A suspeita diagnóstica, levantada durante o exame clínico, pode ser confirmada por radiografia
pulmonar, citologia esfoliativa e biópsia (MELHADO et al., 2002; PALMEIRO et al., 2005). Os cortes
histopatológicos, corados por PAS ou por prata metenamina de Grocott-Gomori, revelam múltiplos
brotamentos fúngicos ligados à célula-mãe, classicamente descritos como "orelhas de Mickey" ou
"leme de marinheiro" (NEVILLE et al., 2009). O diagnóstico também pode ser confirmado por cultura
dos micro-organismos, com a desvantagem do fungo crescer lentamente, e testes sorológicos
(BATISTA et al., 2011). Os testes sorológicos mais utilizados são imunodifusão dupla (ID),
contraimunoeletroforese (CIE), imunofluorêscencia indireta (IFI), ensaio imunoenzimático (ELISA) e
imunoblot (IB), com sensibilidade variando entre 85 a 100% de acordo com a metodologia empregada
(YASUDA et al., 2006; PEREIRA et al., 2012). A multiplicidade de técnicas para confirmação da
paracoccidioidomicose demonstra a dificuldade de seu diagnóstico. No caso relatado, a biópsia, que
costuma ser definitiva, apenas revelou um processo inflamatório inespecífico. A citologia esfoliativa e
a baciloscopia também não detectaram a a presença do fungo, tendo sido a última bastante
prejudicada pela dificuldade na coleta de escarro do paciente. A comprovação do diagnóstico foi
obtida apenas após teste sorológico (imunodifusão dupla) que detectou a presença de anti-P.

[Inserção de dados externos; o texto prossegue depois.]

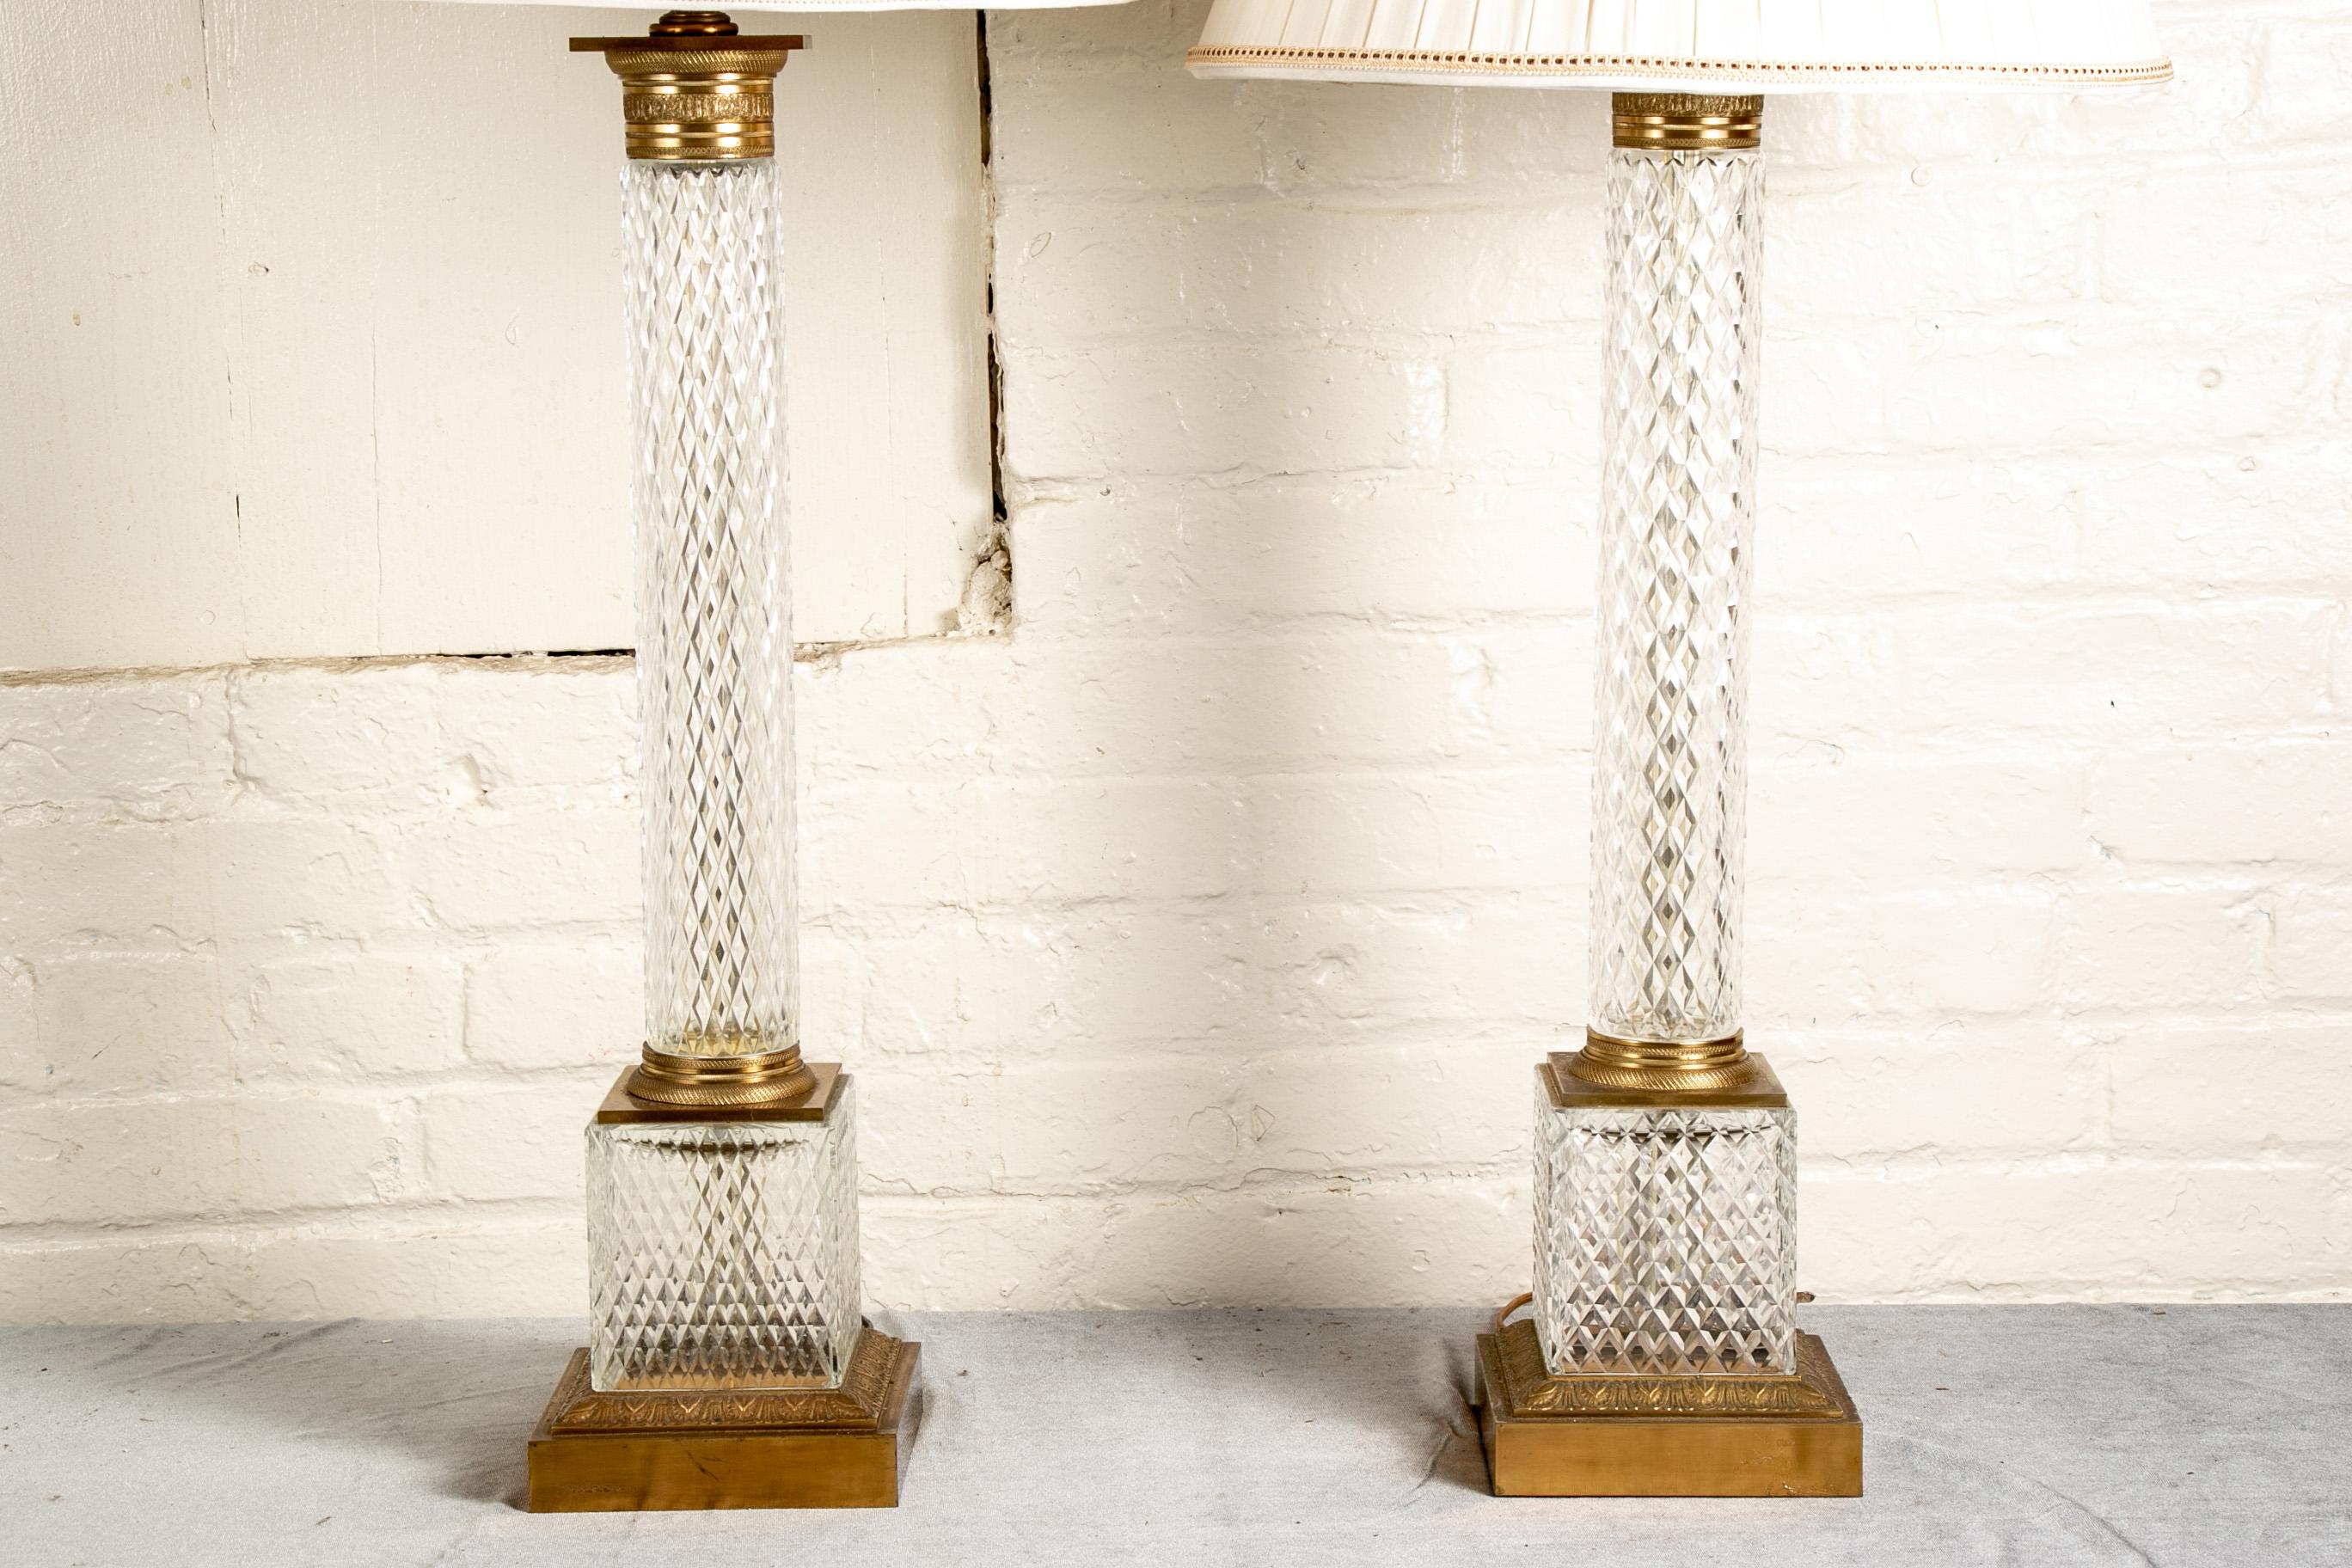 Pair of large scale cut crystal column lamps, overall cut diamond pattern columns and plinths with bronze mounts. The column collars and bases with finely cast details, the square bases with leafy bands in relief. White silk pleated
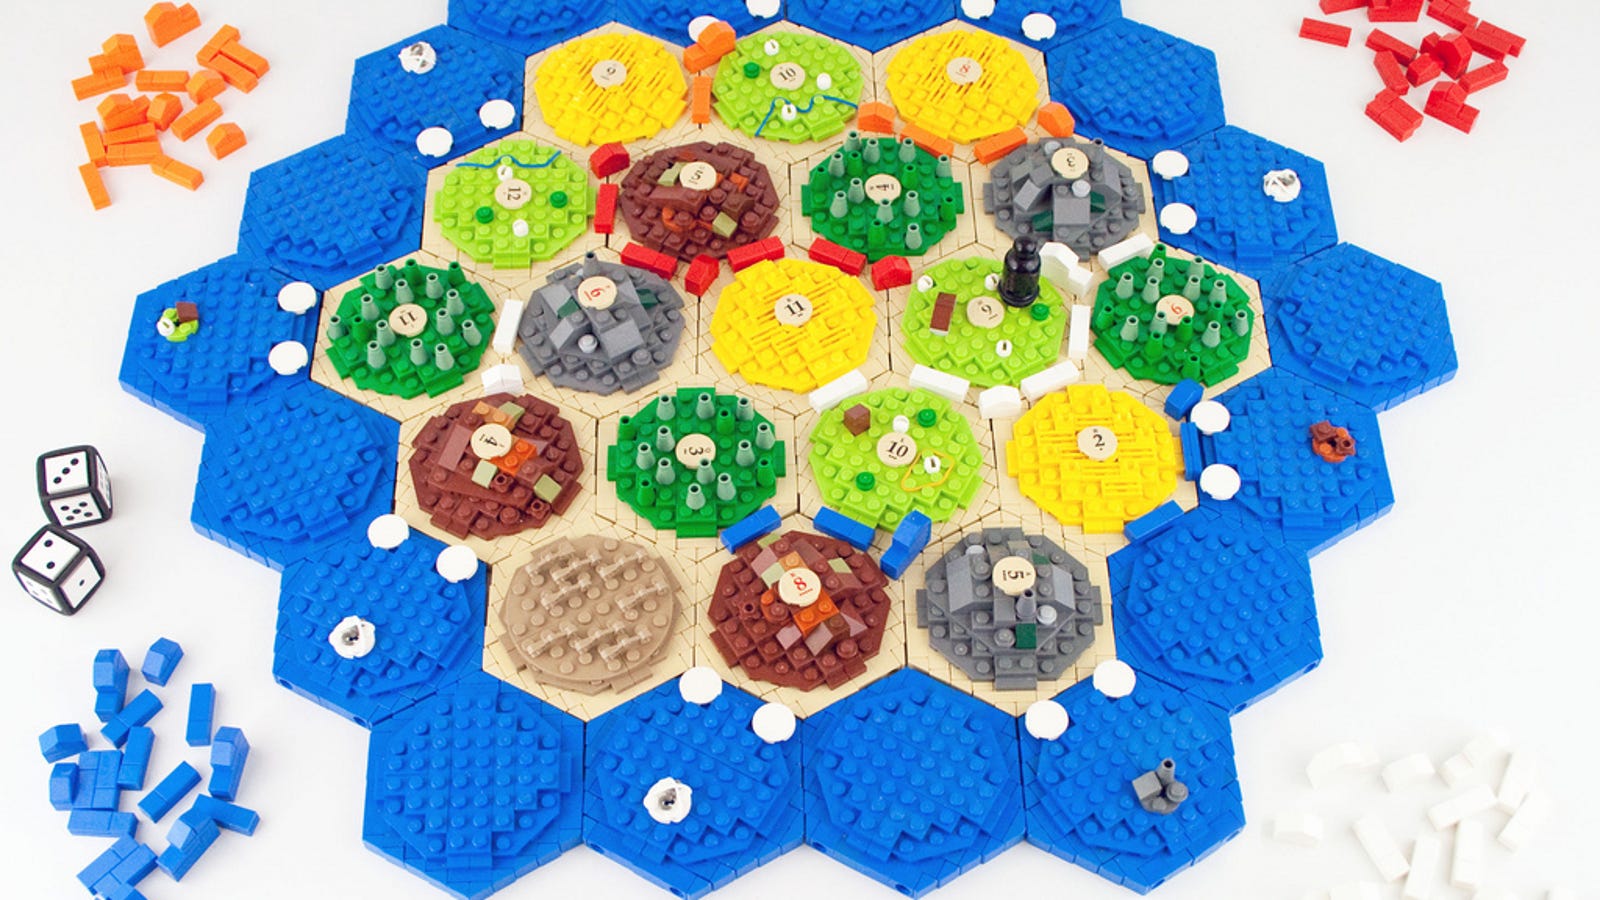 Homemade Settlers of Catan board game turns your sheep

brasiliensis nas amostras.
A paracoccidioidomicose faz diagnóstico diferencial com carcinoma, tuberculose, lúpus
eritematoso, histoplasmose, coccidiodomicose, sarcoidose, sífilis, granulomatose de Wegener,
granuloma inguinal, actinomicose e leishmaniose (MELHADO et al., 2002). Hanseníase e tuberculose
foram hipóteses levantadas durante o processo diagnóstico pelo aspecto ulcerado da lesão.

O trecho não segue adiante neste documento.